Senior Software Engineer, CUDA Core Libraries

at Nvidia
USD 184,000-356,500 per year
SENIOR
✅ On-site

Used Tools & Technologies

Not specified

Required Skills & Competences

Python @ 4 Algorithms @ 4 Communication @ 4 API @ 4 PyTorch @ 4 CUDA @ 4 GPU @ 4 Deep Learning @ 4 AI @ 4 Profiling @ 4 HPC @ 4

Details

NVIDIA’s accelerated computing platform is the foundation of modern HPC and AI. At the core of this platform are the CUDA Core Libraries: C++ and Python libraries that enable developers to write fast, reliable, and scalable GPU-accelerated software.

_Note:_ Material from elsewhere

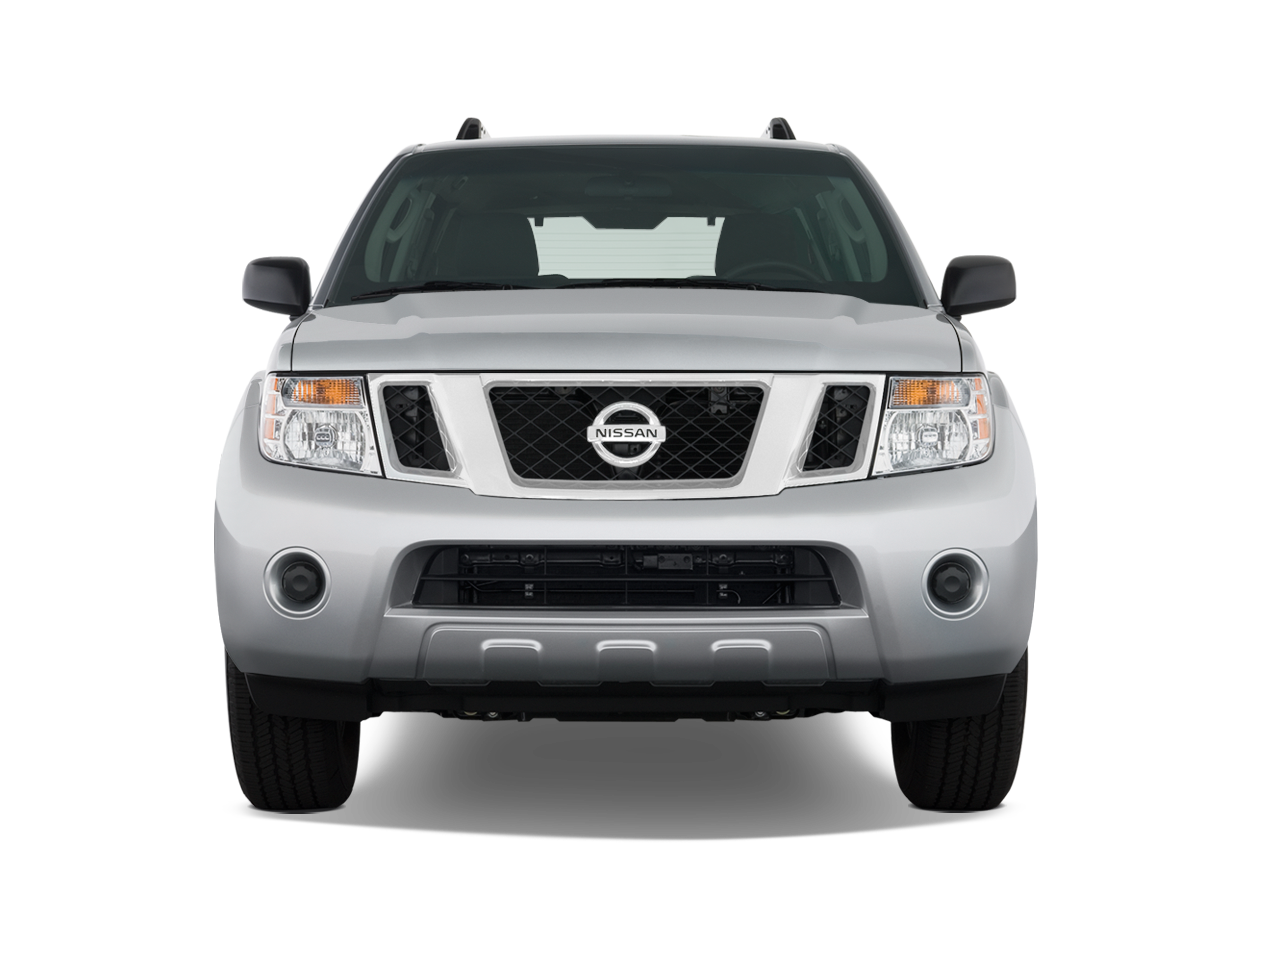 Nissan Frontier Review >> 2009 Nissan Pathfinder LE 4x4 - Nissan Midsize SUV Review - Automobile Magazine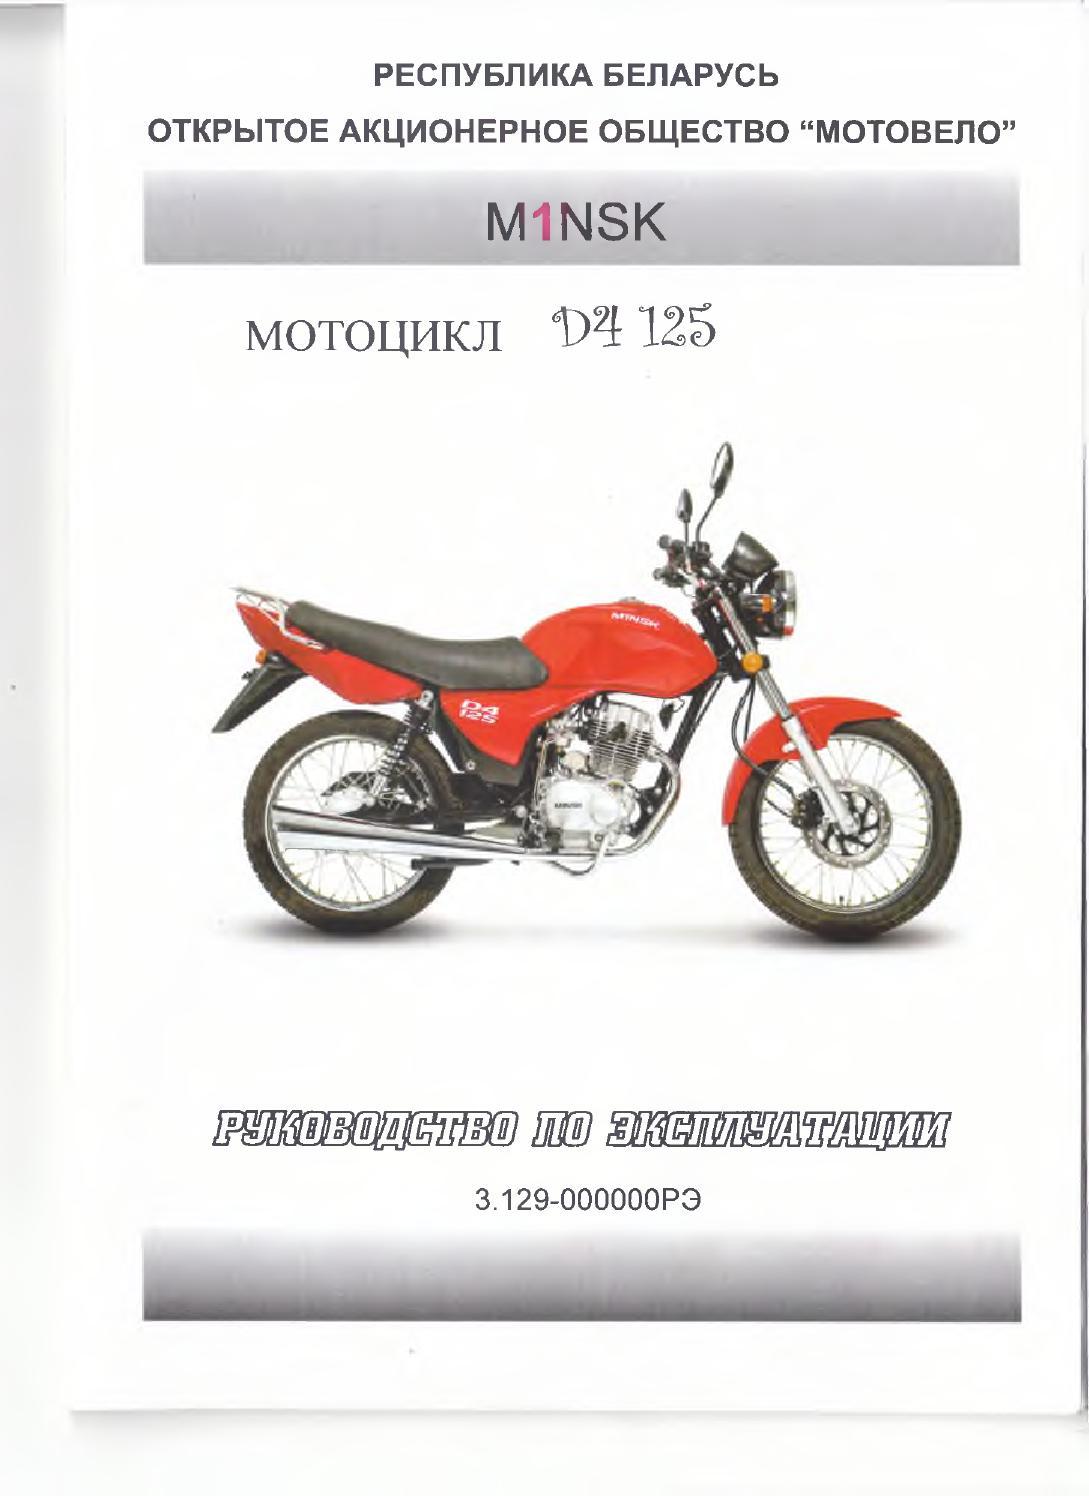 инструкция по эксплуатации мотоцикла минск

This role is a full-time Software Engineer position working on the CUDA Core Libraries (projects such as CCCL — Thrust, CUB, libcudacxx — cuda-python, and numba-cuda) to build foundational libraries, algorithms, and language/runtime infrastructure for GPU computing across deep learning, scientific computing, and data analytics.

Responsibilities

  • Develop and implement CUDA Core Libraries in C++ and/or Python, including parallel algorithms and idiomatic language bindings for core CUDA functionality.
  • Compose, optimize, and evolve GPU algorithms and APIs, from high-level interfaces down to low-level performance tuning involving memory, parallelism, and synchronization.
  • Own features end-to-end: development, implementation, testing, benchmarking, documentation, and long-term maintenance.
  • Improve developer experience across the stack: CI, tests, benchmarks, packaging, examples, and docs.
  • Collaborate with senior CUDA engineers in design reviews, code reviews, and open-source-style workflows.
  • Engage with real users through issues, performance investigations, and API feedback.

Requirements

  • BS, MS, or PhD in Computer Science, Computer Engineering, or a related field, or equivalent experience.
  • Minimum of 8+ years of related development experience.
  • Strong programming skills in C++, Python, or both, with proven interest in systems-level software (performance, memory, concurrency, API design).
  • Solid understanding of modern C++ (templates, generics, standard library) and/or Python library development and packaging.
  • Practical experience with parallel or heterogeneous programming (CUDA, OpenMP, GPU-accelerated Python, or similar).
  • Experience contributing to production software or open-source libraries, including testing, profiling, and code review.
  • Ability to work independently, scope problems, and drive projects to completion.
  • Clear written communication for technical design and documentation.
  • Comfort navigating large, multi-language codebases (C++, Python, CMake, Pixi, CI systems).

Ways to stand out

  • Strong understanding of CPU/GPU architecture and how hardware details affect performance.
  • Hands-on experience with CUDA C++, CUDA Python, PyTorch, JAX, Numba, CuPy, or similar GPU-accelerated stacks.
  • Familiarity with Thrust, CUB, libcudacxx, or other modern C++/GPU libraries.
  • Experience with compiler infrastructure or tooling (LLVM, Clang tooling, MLIR).
  • Demonstrated interest in developer tools, library design, and making other developers faster.

Compensation & Benefits

  • Base salary ranges (location and level dependent):
    • Level 4: 184,000 USD – 287,500 USD
    • Level 5: 224,000 USD – 356,500 USD
  • Eligible for equity and benefits.

Other information

  • Applications for this job will be accepted at least until March 19, 2026.
  • This posting is for an existing vacancy.
  • NVIDIA uses AI tools in its recruiting processes.
  • NVIDIA is an equal opportunity employer committed to fostering a diverse work environment.